LLM Context Engineering

Effective context engineering for AI agents

Sep 29, 2025

Overview

The key to building efficient and reliable AI agents lies in treating "context" as a finite and valuable resource, and managing and optimizing it meticulously.

1. The Evolution from "Prompt Engineering" to "Context Engineering"

Prompt Engineering: Primarily focuses on how to write and organize instructions (especially system prompts) for LLMs to obtain optimal single-turn outputs.
Context Engineering: A broader concept concerned with managing and maintaining all information entering the LLM's "context window" throughout its entire operation cycle. This includes system prompts, tools, external data, conversation history, etc. It is a continuous, iterative optimization process.

2. Context is a Finite and Critical Resource

LLMs, like humans, have a limited "attention budget".
When there is too much information (tokens) in the context window, model performance degrades, leading to the "context rot" phenomenon, where the model struggles to accurately recall or utilize the information within it.
Therefore, information entering the context must be carefully curated. The goal is: to use the smallest, most efficient set of information (high-signal tokens) to maximize the likelihood of achieving the desired outcome.

3. Structure of Effective Context

Principle: At any given moment, include the "smallest yet highest-signal" set of tokens to maximize the probability of achieving the goal.
System Prompts: Find the "right altitude"—specific enough to guide behavior without resorting to fragile hard-coded logic; use structured sections (background, instructions, tool guidance, output format); start with a minimal viable version, then refine based on failure modes.
Tool Design: Fewer but better tools with clear boundaries, unambiguous parameters, and token-efficient returned information; avoid functional overlap and selection ambiguity.
Example Selection: A small number of diverse, canonical few-shot examples are more effective than cramming with rules and edge cases; examples serve as efficient "behavioral pictures."
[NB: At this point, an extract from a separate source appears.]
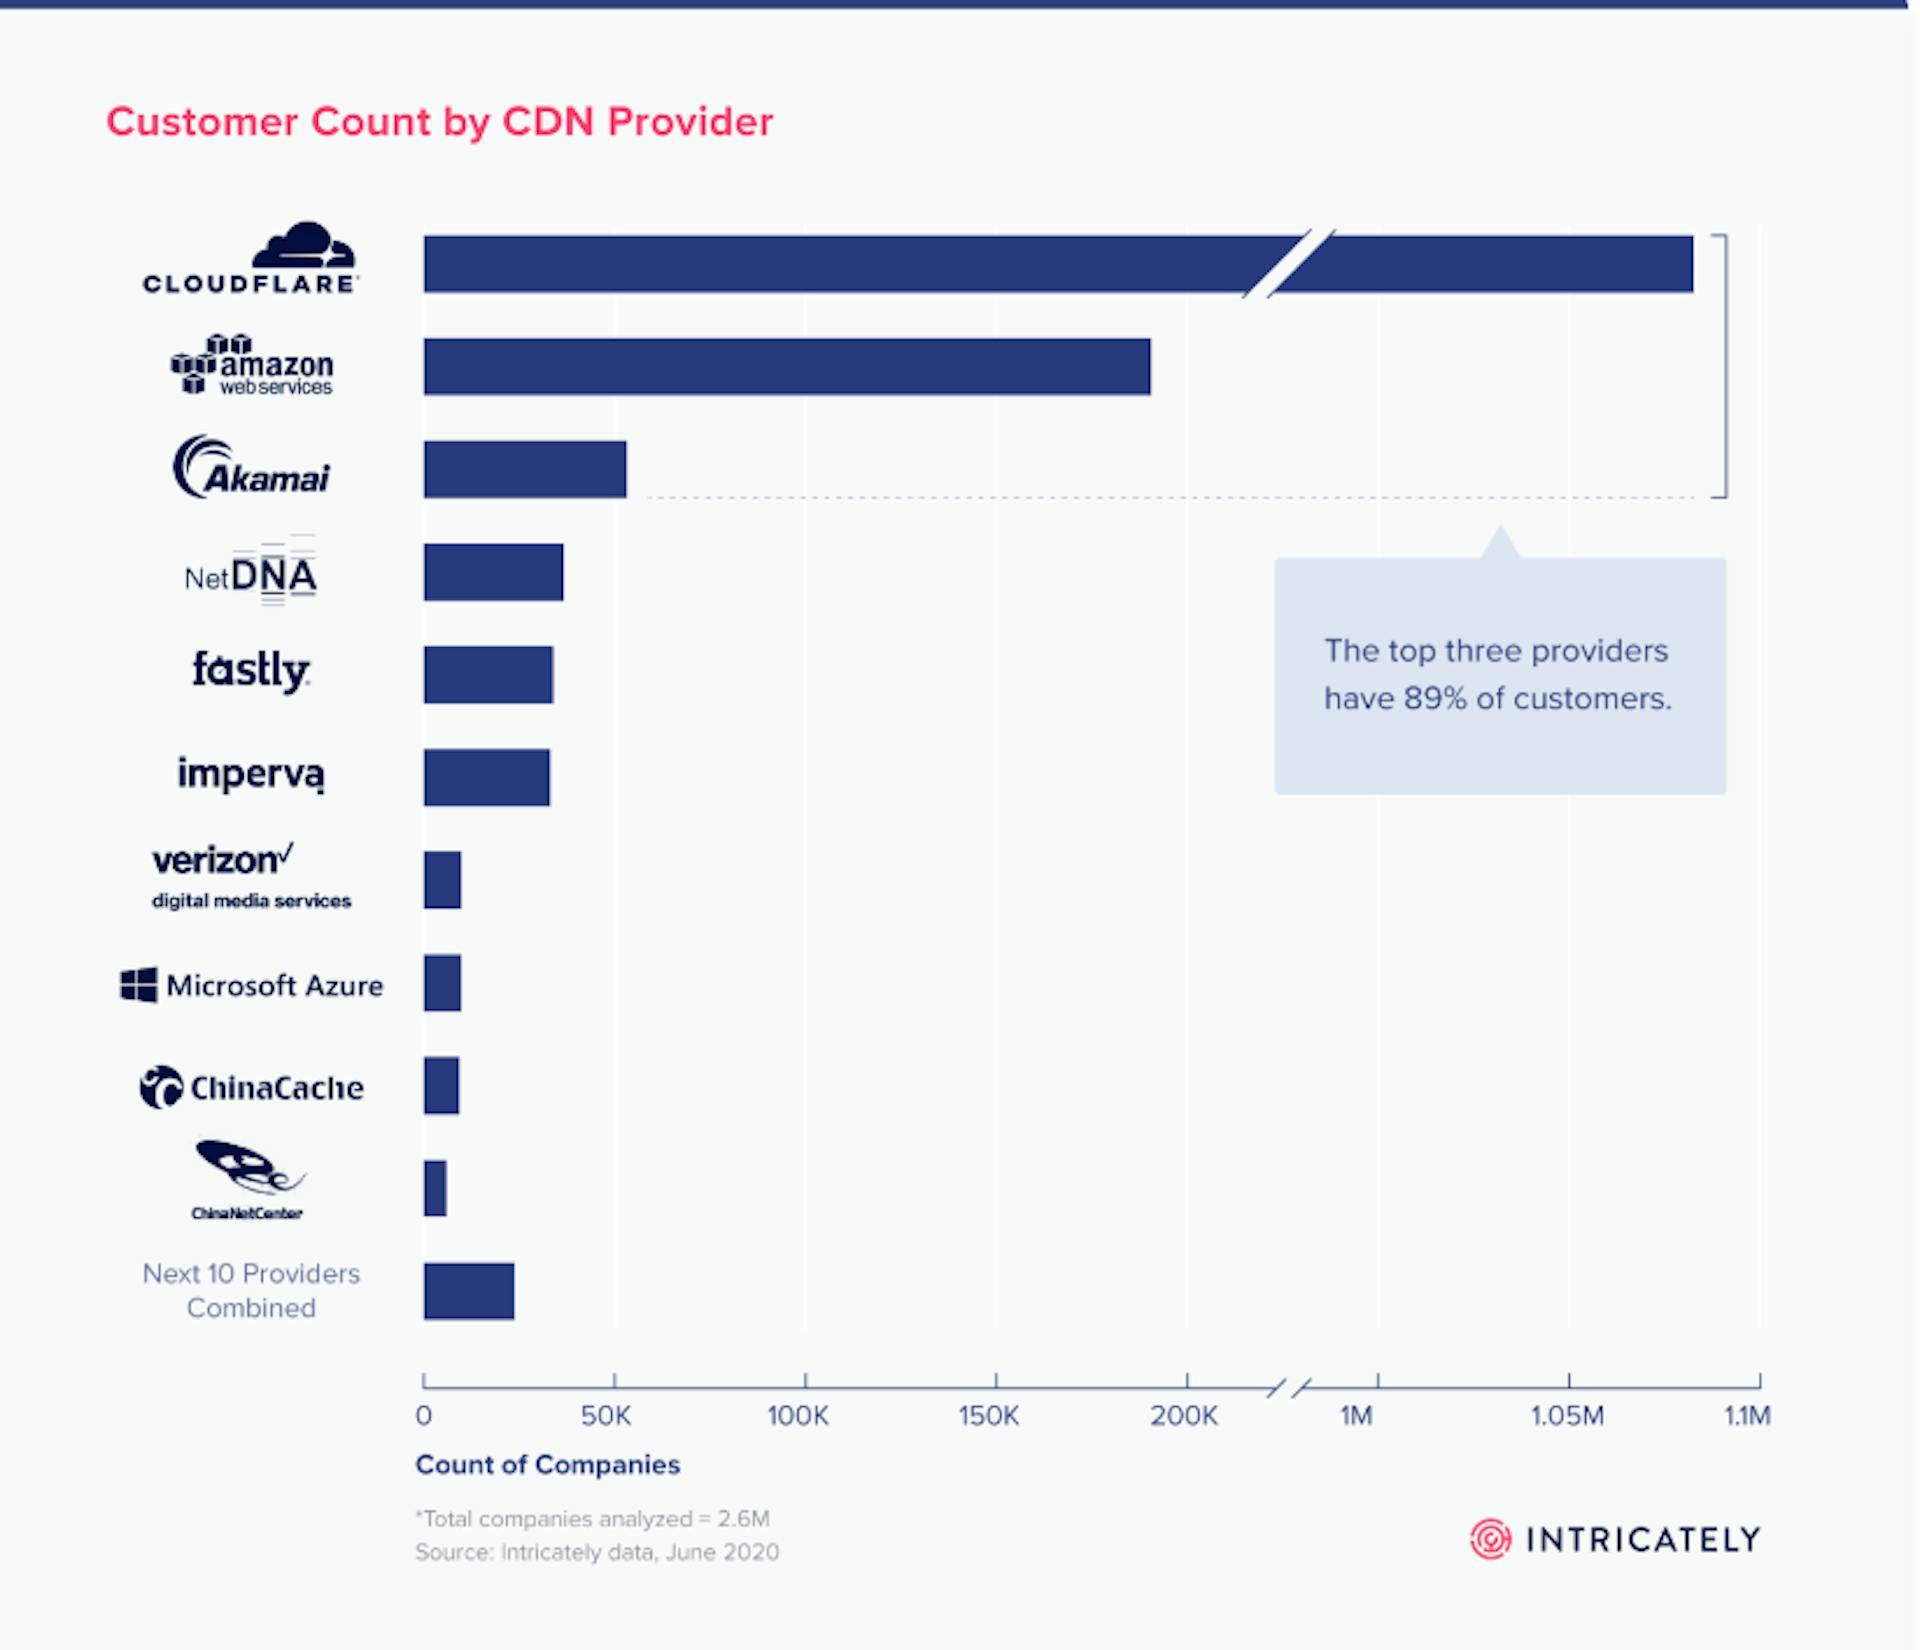 CDN providers' market shares

4. Dynamic and Hybrid Context Retrieval

The article advocates for a shift from "pre-loading all information" to a "just-in-time" context retrieval strategy.
Agents should not load all potentially relevant data into the context at once. Instead, they should use tools (like file systems, database queries) to dynamically and autonomously retrieve information as needed.
This approach mimics human cognition (we don't remember everything, but we know where to find it) and enables "progressive disclosure", keeping the agent more focused and efficient. In practice, a hybrid strategy combining pre-loading with just-in-time retrieval often works best.

5. Three Key Strategies for Long-horizon Tasks

For complex, long-term tasks that exceed the capacity of a single context window, the article proposes three key techniques:

Compaction:
- Method: When the conversation history nears the context window limit, the model is tasked to summarize and compress it. A new conversation window is then started using this refined summary.
- Purpose: To maintain task continuity by preserving core information (e.g., decisions, unresolved issues) while discarding redundant content.
Structured Note-taking / Agentic Memory:
- Method: The agent is instructed to regularly write key information, to-do items, progress, etc., to an external "memory" (e.g., a NOTES.md file) during task execution, and to read from it when needed.
- Purpose: To provide the agent with persistent memory, enabling it to maintain long-term tracking and planning capabilities for a task even across multiple context resets.
Sub-agent Architectures:
- Method: A complex task is broken down. A main agent is responsible for high-level planning and coordination, delegating specific, in-depth subtasks to specialized sub-agents. Each sub-agent works within its own independent context and returns only a refined summary to the main agent upon completion.
- Purpose: To achieve "separation of concerns," preventing the main agent's context from being overwhelmed by massive details, thereby efficiently handling complex research and analysis tasks.